September 18, 2024 21:00
Teatro Cantiere Florida di Firenze | IT
as part of Fabbrica Europa 2024
Atto Bianco inaugurates a trilogy on the theme of roots and family heritage. The colour white evokes conceptual refractions that Roberta Racis has drawn on for this work in which dance, voice and song structure the action.
Atto Bianco calls into question a visual, sound and choreographic universe with sharp but open contours, a texture that is the result of the layering of all the instruments at the choreographer’s disposal. Embodying the ambiguity between performance and representation, Roberta Racis is endowed with a technique that challenges formal balances without overwhelming the sensitive substance.

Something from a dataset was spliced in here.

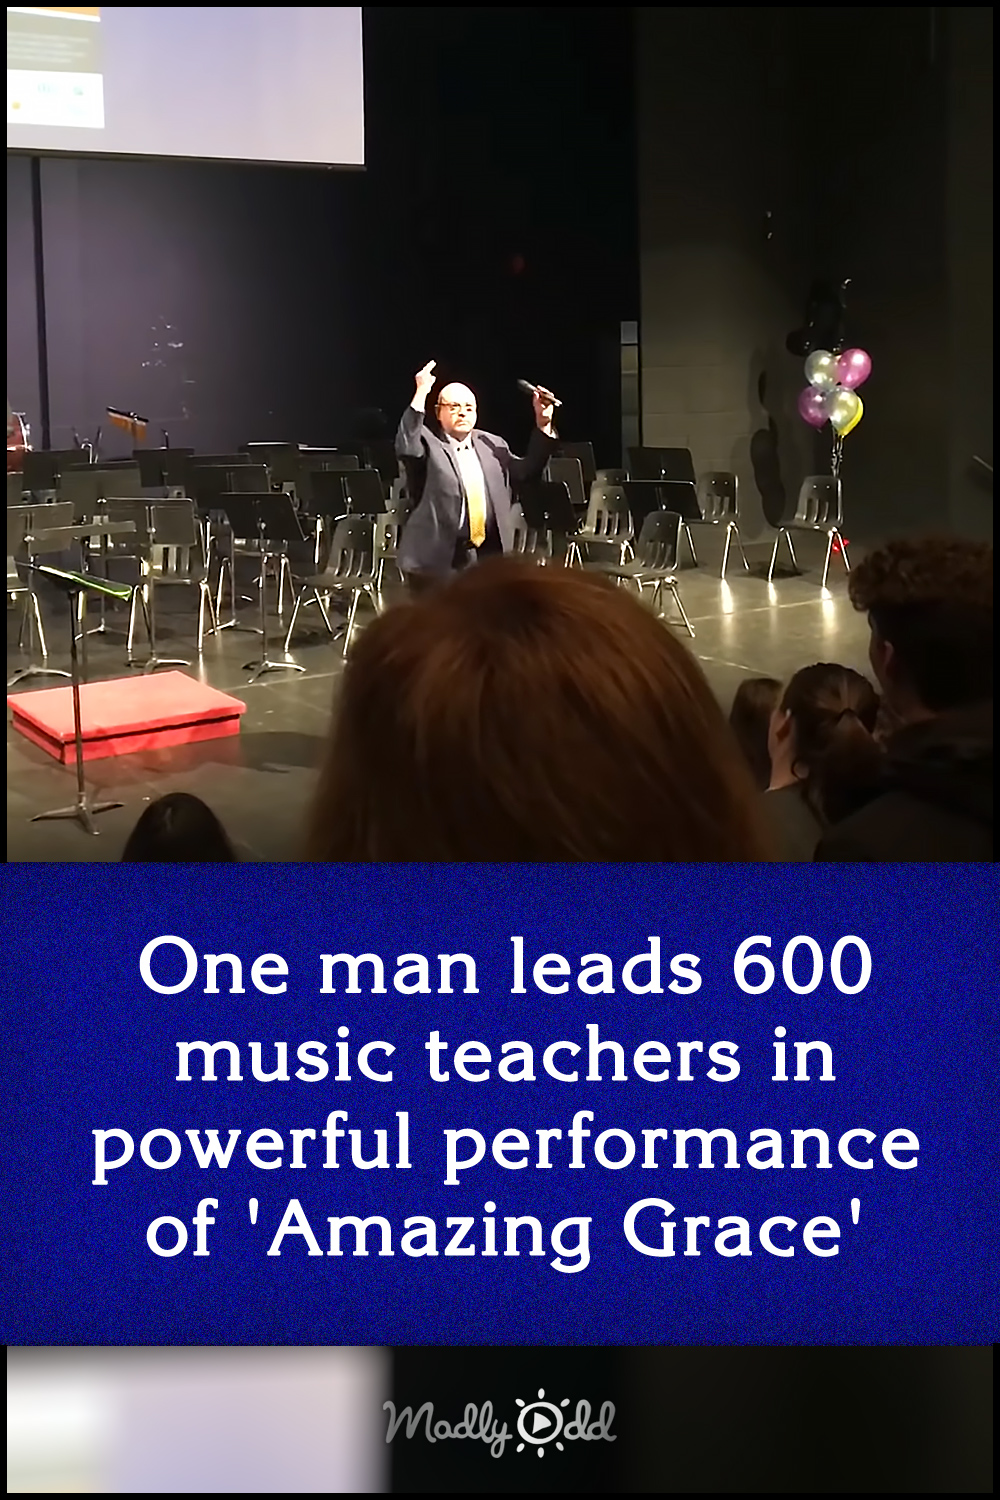 One man leads 600 music teachers in powerful performance of \'Amazing Grace\'

Atto Bianco has a minimal aesthetic, but tumultuous elements can be found in its textures, creating what could be perceived as a friction between a warm inner dimension and an outer, candid and linear one. The author relies more on inner ripples than on her outer body. These are not emotional fractures, but veins that allow the dance to deepen in duration.

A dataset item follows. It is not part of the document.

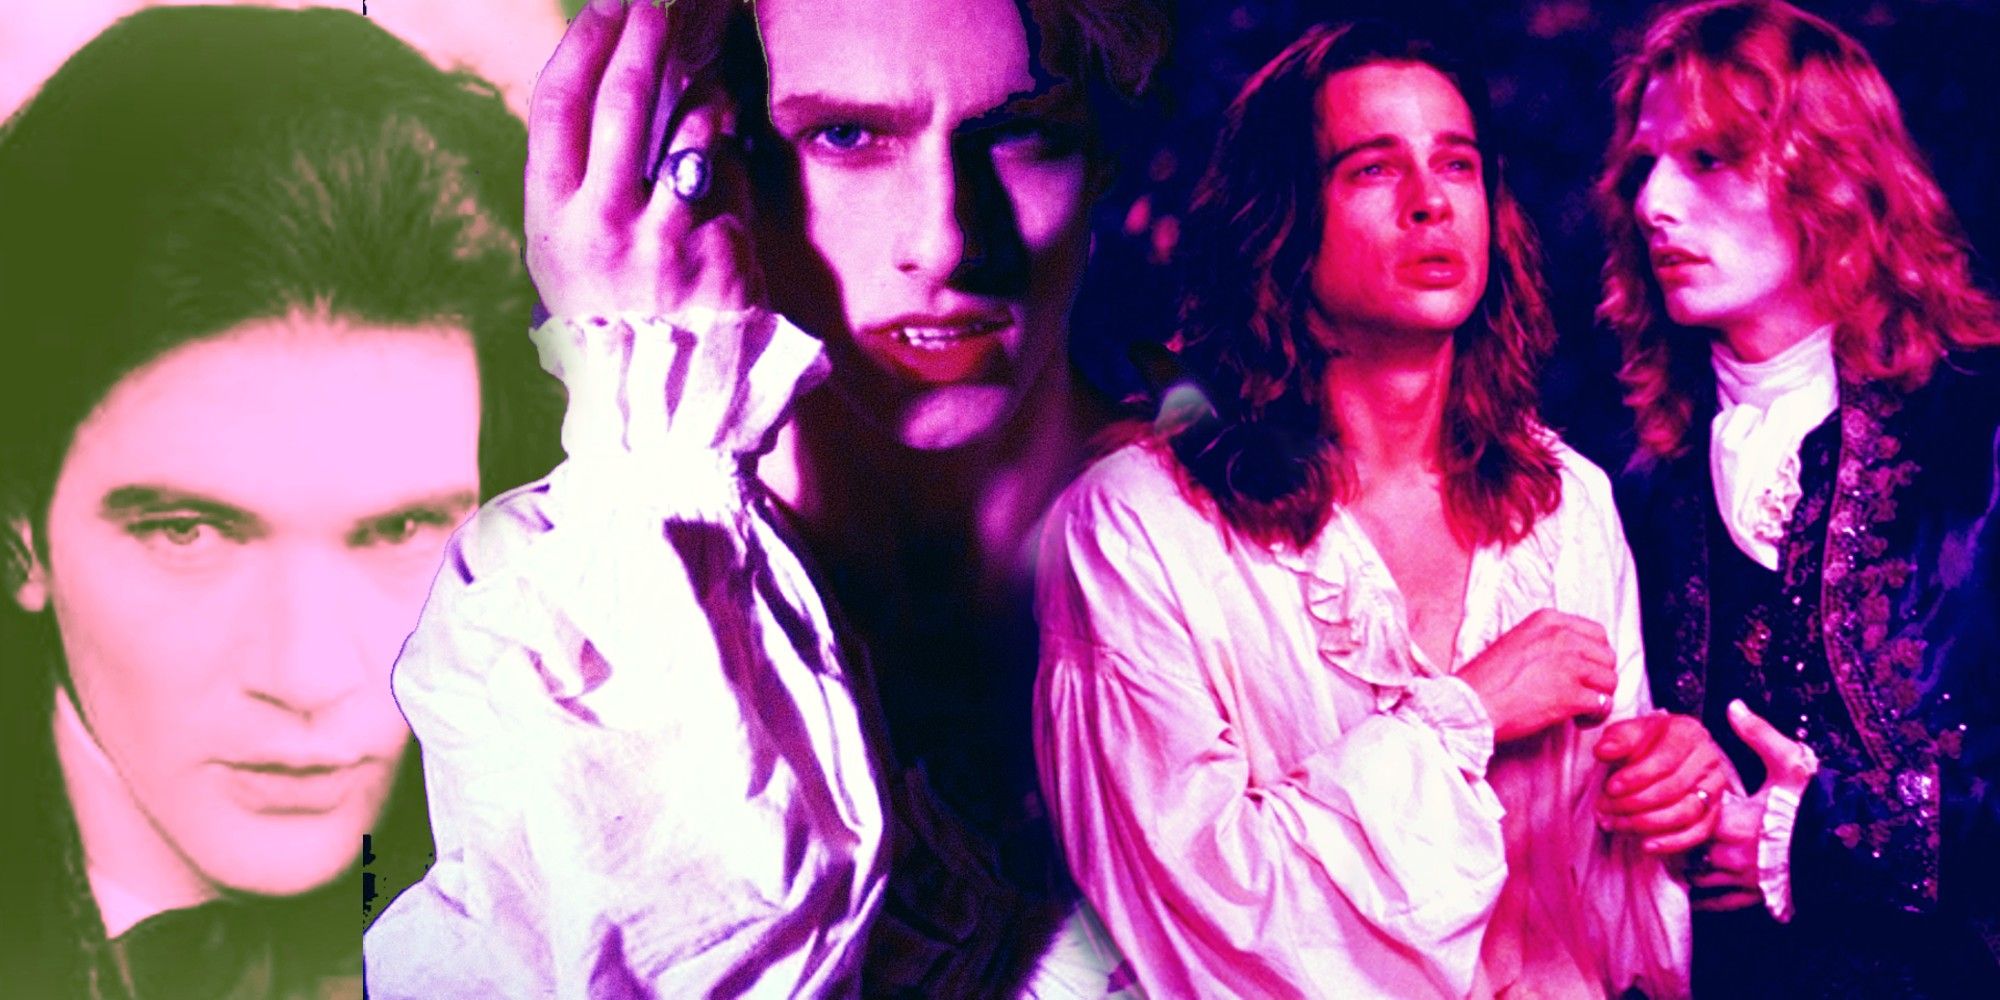 Collage of Antonio Banderas as Armand, Tom Cruise as Lestat, and Brad Pitt as Louis in Interview with the Vampire

Roberta Racis composes a homage to the maternal that is also a study of the white act of romantic ballet. The scene strewn with leaves is a reminder of a nature that is both a friend of the body and a remnant of a world (or something, or someone) that is no more. The white act is generally the second act of plays whose libretto narrates events straddling the world of the living and an otherworldly dimension. These are acts in which, after the death of a character, usually female, the afterlife manifests itself. A world, white and magical, that unifies space and time. The corps de ballet, in white tutus, outlines virtuosity in geometric formations while the soloists dance intertwining steps to emphasize the ‘fatal’ superiority of those same bodies. Precursor of an objectification of bodies, the white act is predisposed, today, to an investigation such as that of Roberta Racis, who reflects on the feminine by deflagrating the personal exploration of fragility and mourning in a broader series of possibilities.
Atto Bianco finally evokes a homecoming that manifests itself with a scene change. The dancer poses and rests, suspended. The action is ready for her to dissolve, in the device itself, that pain that has accompanied her throughout her journey, from the conception of the project to the stage.